Little Miss will be turning 7 years old tomorrow. She is a very big girl for 7 years old. At this rate, she'll probably be taller than me and her dad by the time she is in the 8th grade. She likes to play ball with Scotty. She brings a ball to him and sits down and says, "Let's play ball like I used to do with Kevy." Scotty squeals with excitement every time she rolls the ball to him. She is getting to be a bit of a diva and Chris and I are working on that. She is also extremely sensitive. I don't know what to do about that. I was sensitive as a child too...but not like her. It's draining at times.
Scotty is healthy and is strong as an ox. He won't even attempt to crawl yet. The doctor said that he should be scooting around somehow by the time he is 9 months old. He will be 8 months old this week. (Time flies.) He loves to stand up. He might skip the crawling phase and go right to walking. Lord help me. He is about 25 pounds now and stands about 4 inches below my hipline. He got a couple of things from Santa - but not too much. Santa knew that he had plenty of Kevy's toys to play with. He still only has 6 teeth - but I think some more might be on their way. He tries to bite (me in particular.) His Gan and Pop have taught him "so big" like Kevy. He's too cute. He is starting to act like a boy and throw things. He also learned how to scream. He screams really really loud like a little girl. That's how he gets your attention. He also learned how to take the tray off of his high chair and he hands it to you. As soon as you snap it back on, he has it off again. And if you run out of food before he is full - watch out! He gets very angry when that happens. He also pounds his hand on the tray when you aren't feeding him fast enough.

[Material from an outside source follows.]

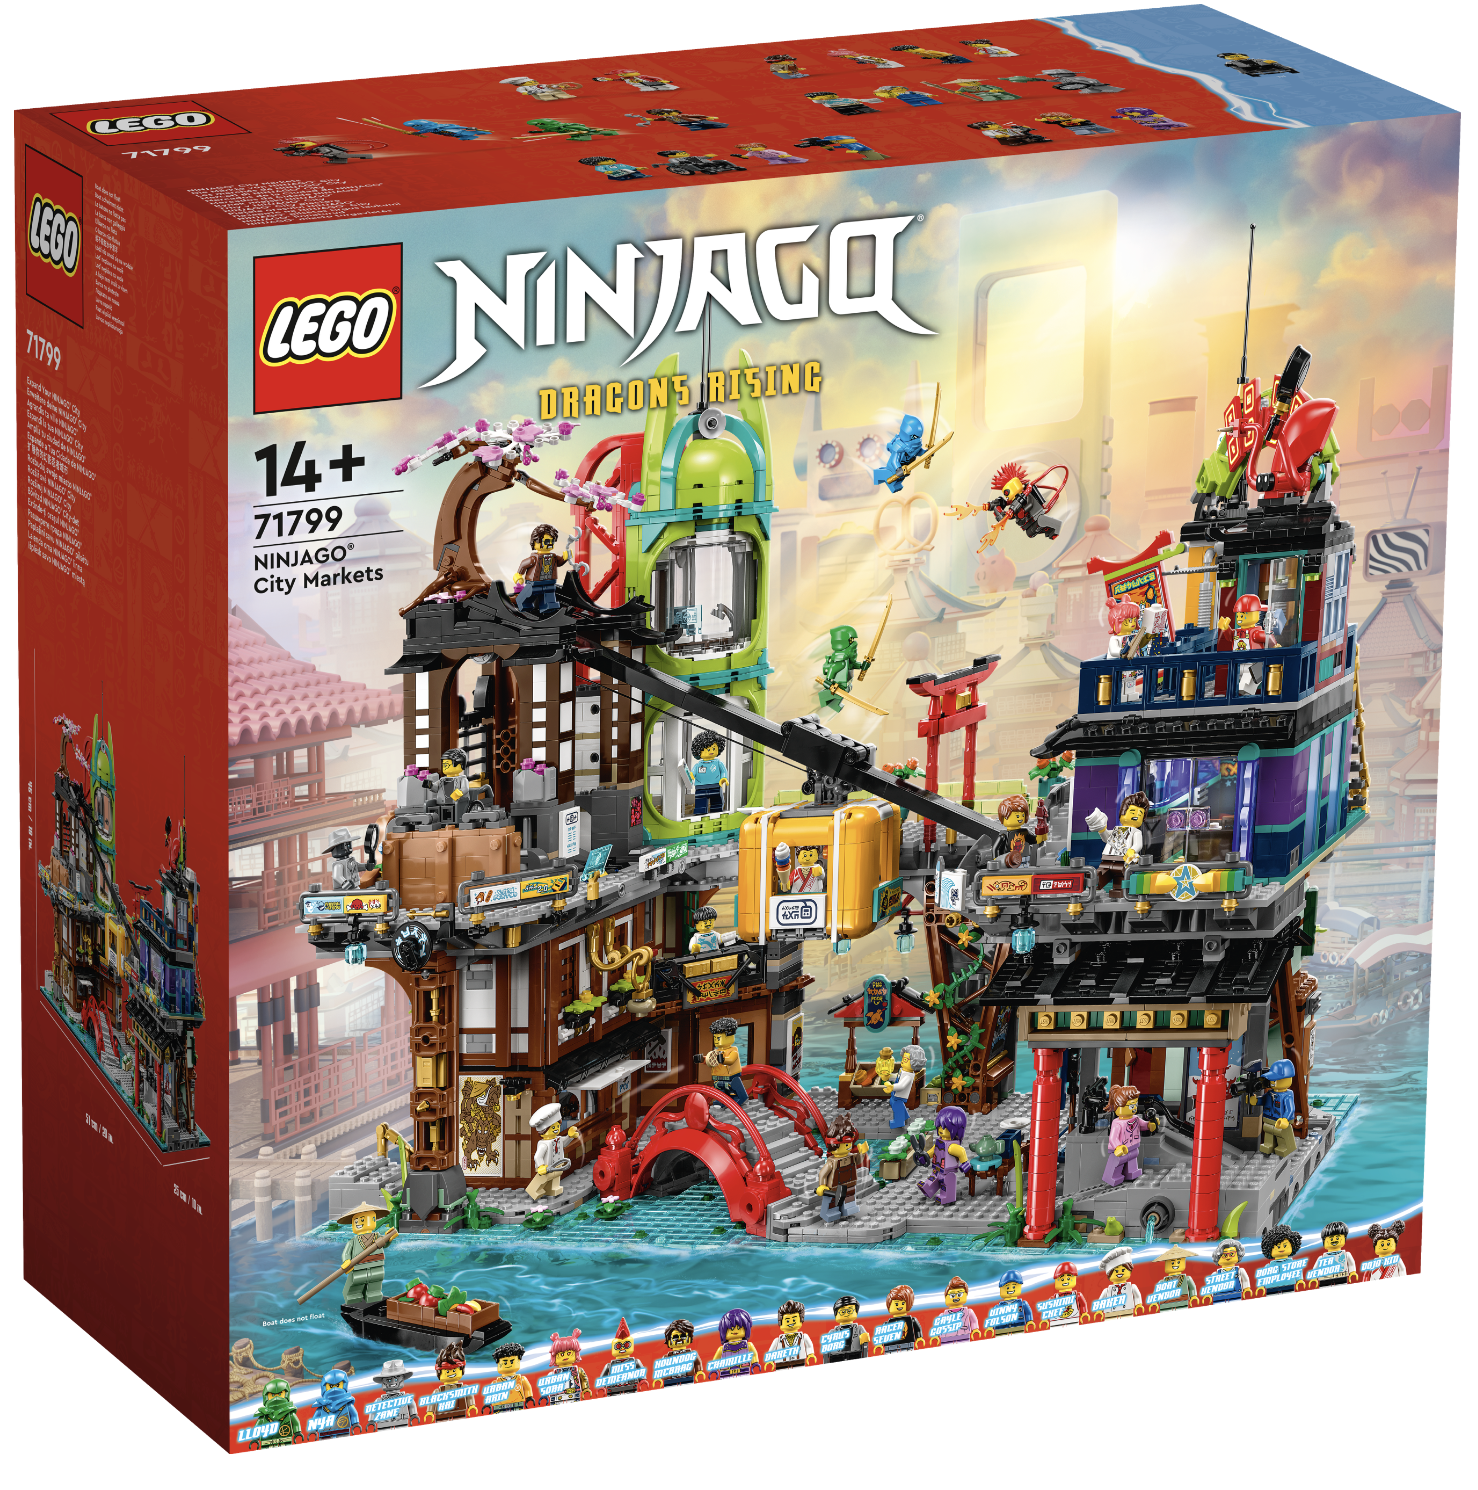 Arriva il nuovo LEGO 71799 – NINJAGO City Markets!

We have been having issues with getting to the cemetery lately. It's been either too cold to take the baby out or it's been raining. They close at 5pm for the winter months so we can't go during the week at all. I don't get off work until after 5pm. And you know what? I feel guilty about it. I tell Kevy "good night" each night before I lay my head down and I tell him that I'm sorry we haven't been there. We can go Thursday since it is a holiday. Hopefully the weather will cooperate. I'm really looking forward to Spring when we can spend more time there and have a picnic or two. Scotty should be walking by then.
I had issues last night while I was trying to fall asleep. I was thinking about Grace getting married. That won't be for another 20 years - but I thought about walking down that center aisle in church and it really bothered me. I don't want to sit in that front pew. I don't want to walk down that center aisle. I don't want to stand in the vestibule or in front of the church. Twenty years from now will still feel like it was yesterday when Kevin's casket was wheeled down that center aisle for his funeral. Forty years from now isn't going to be any better either. I remembered standing in the vestibule watching the ushers fumbling, trying to figure out how to get the cover to fit over his tiny casket so that it wouldn't drag on the floor as it was made for an adult casket. It doesn't make any sense for me to worry about it now. But I had a hard time getting it out of my head last night. I eventually cried myself to sleep. I shouldn't worry...she can get married in the chapel...or better yet, become a nun. :)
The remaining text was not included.